→ **WHAT NEEDS TO BE DONE**: Retype the listing exactly, minus its pictures.

→ **INFORMATION SHOWN**:
※

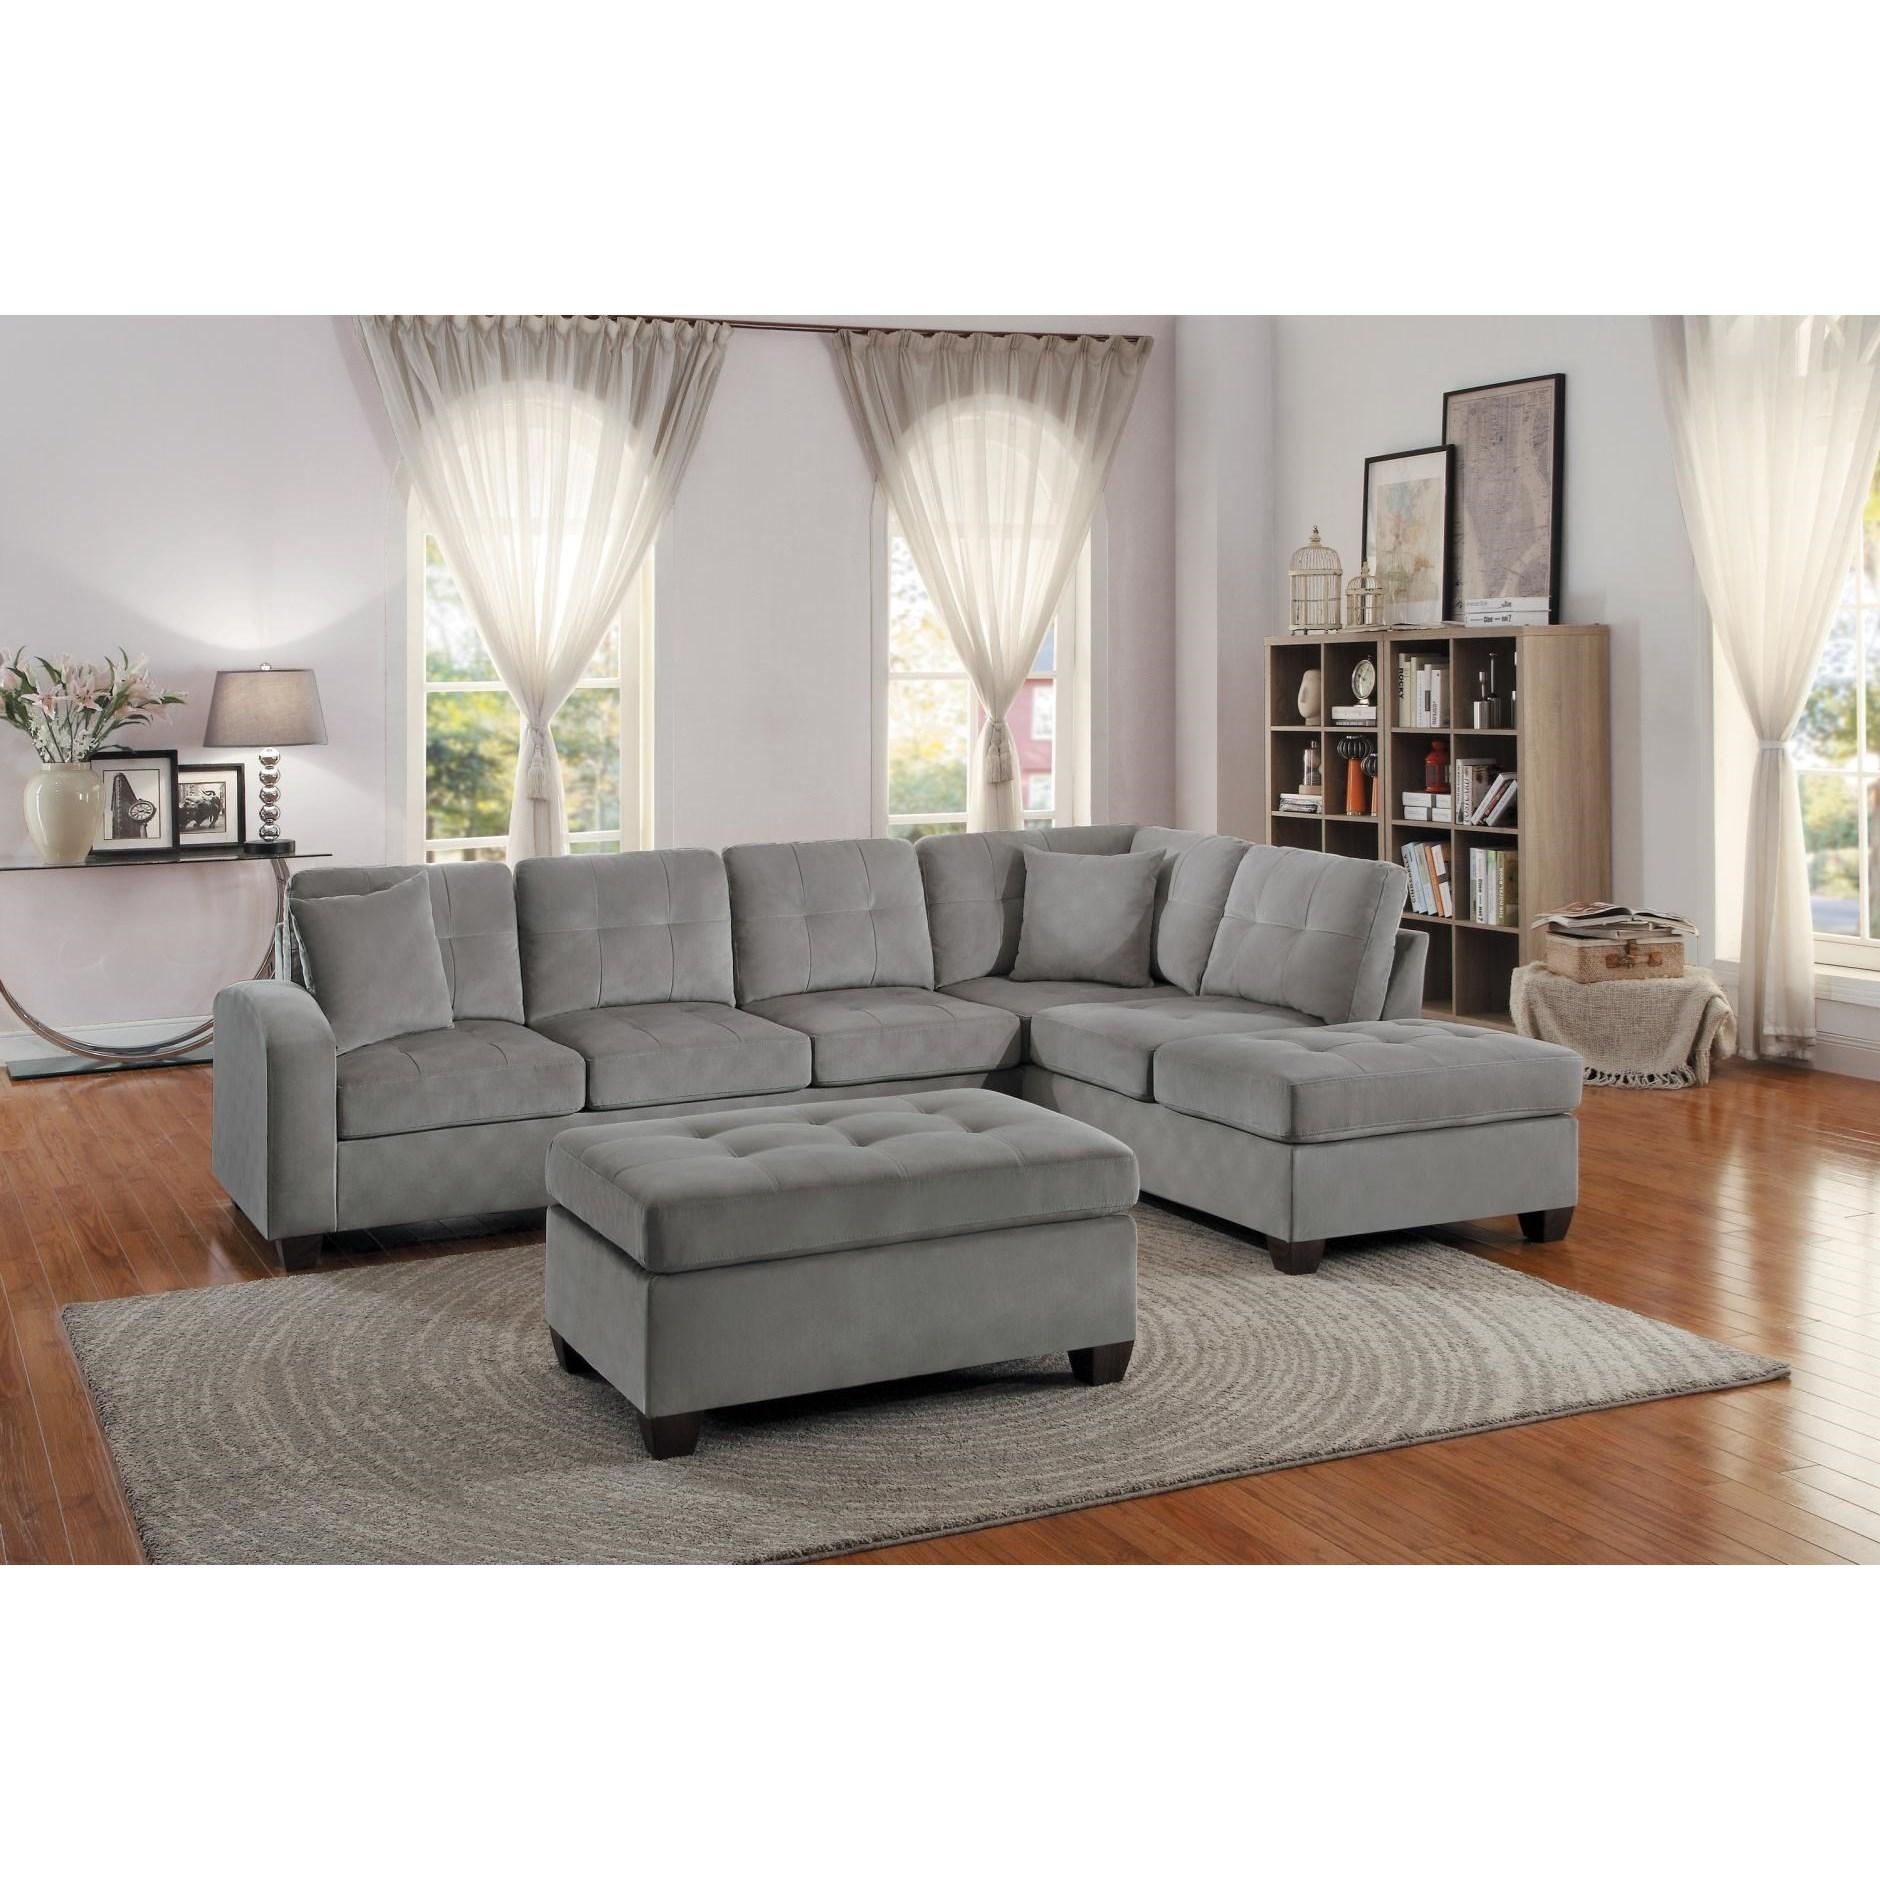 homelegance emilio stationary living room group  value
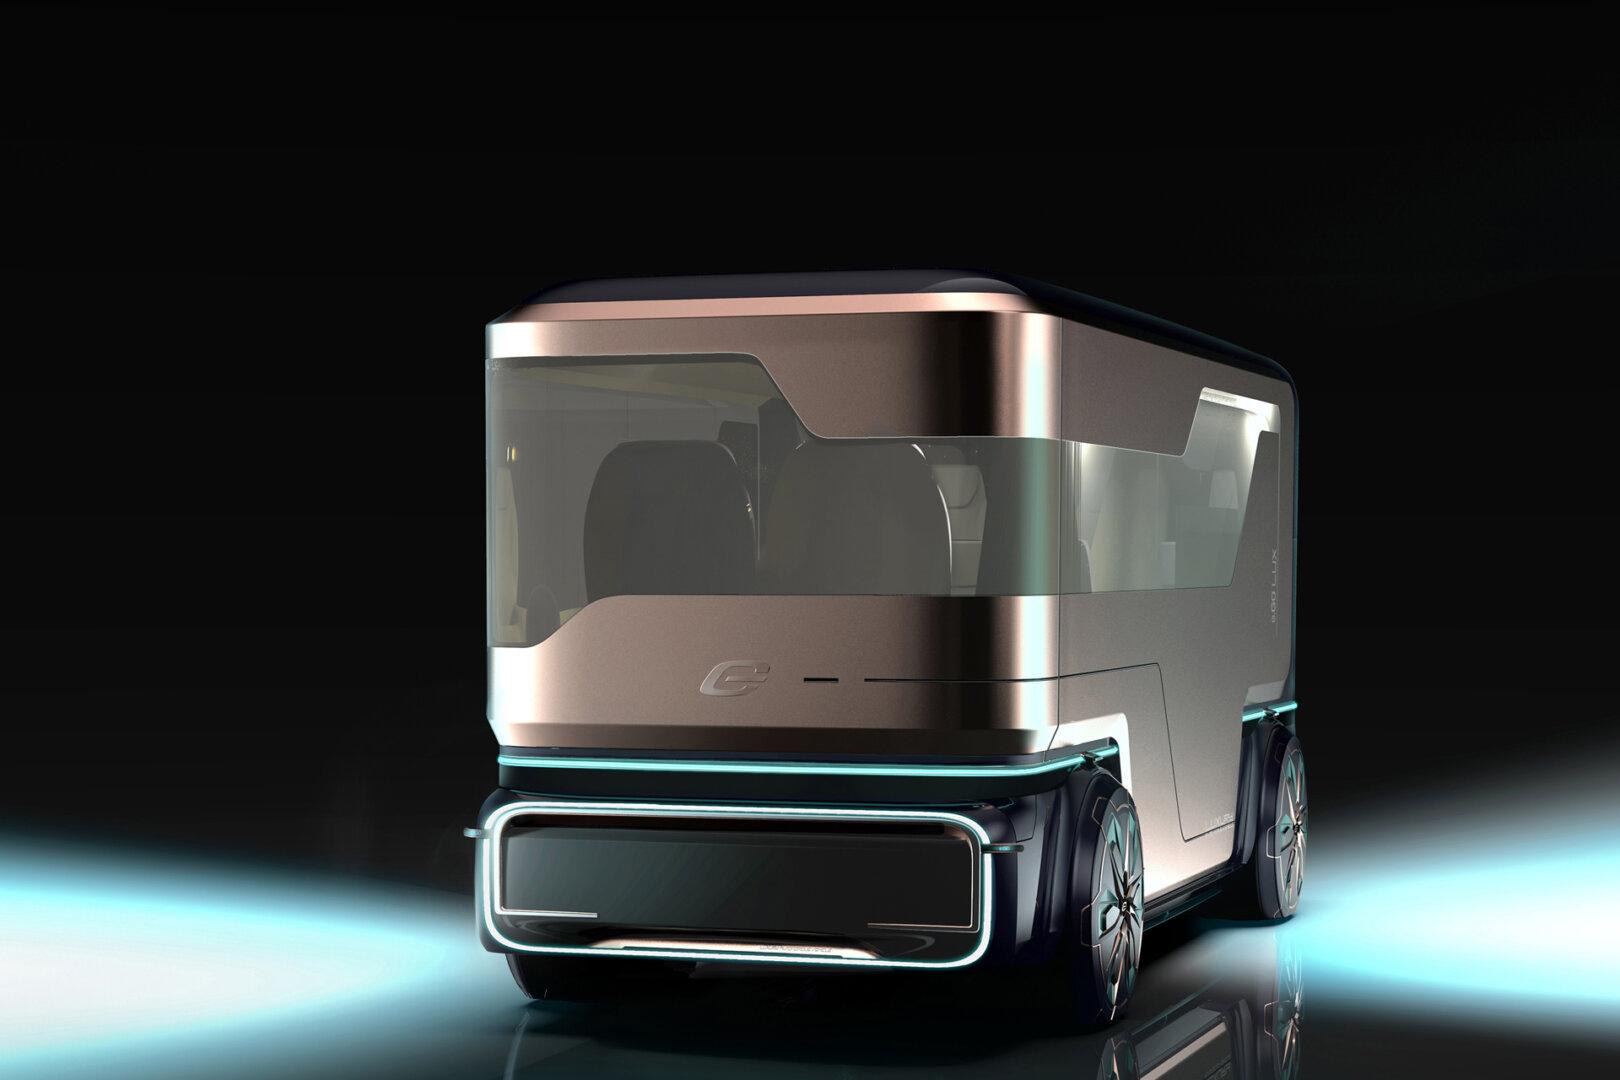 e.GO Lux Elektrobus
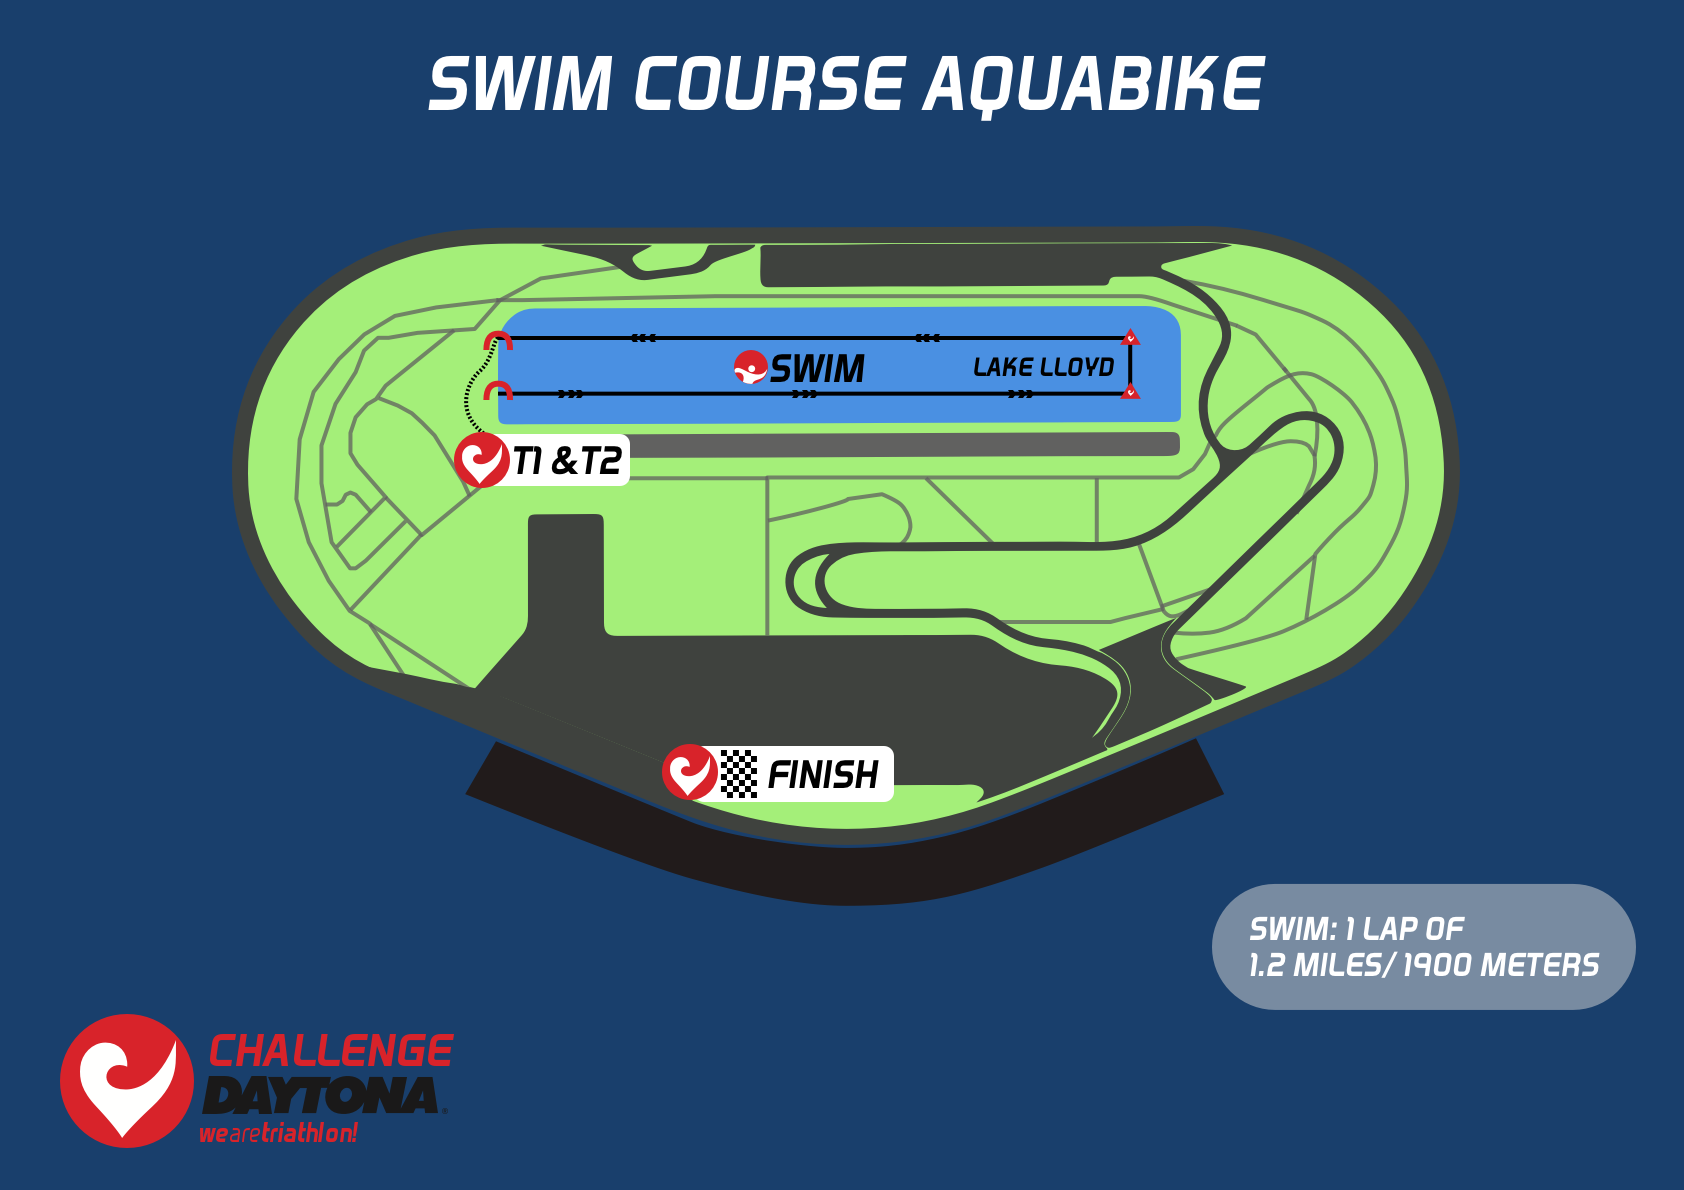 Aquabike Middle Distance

※

→ **ANSWER TO THE PROBLEM**:
 homelegance emilio stationary living room group  value
 e.GO Lux Elektrobus
 Aquabike Middle Distance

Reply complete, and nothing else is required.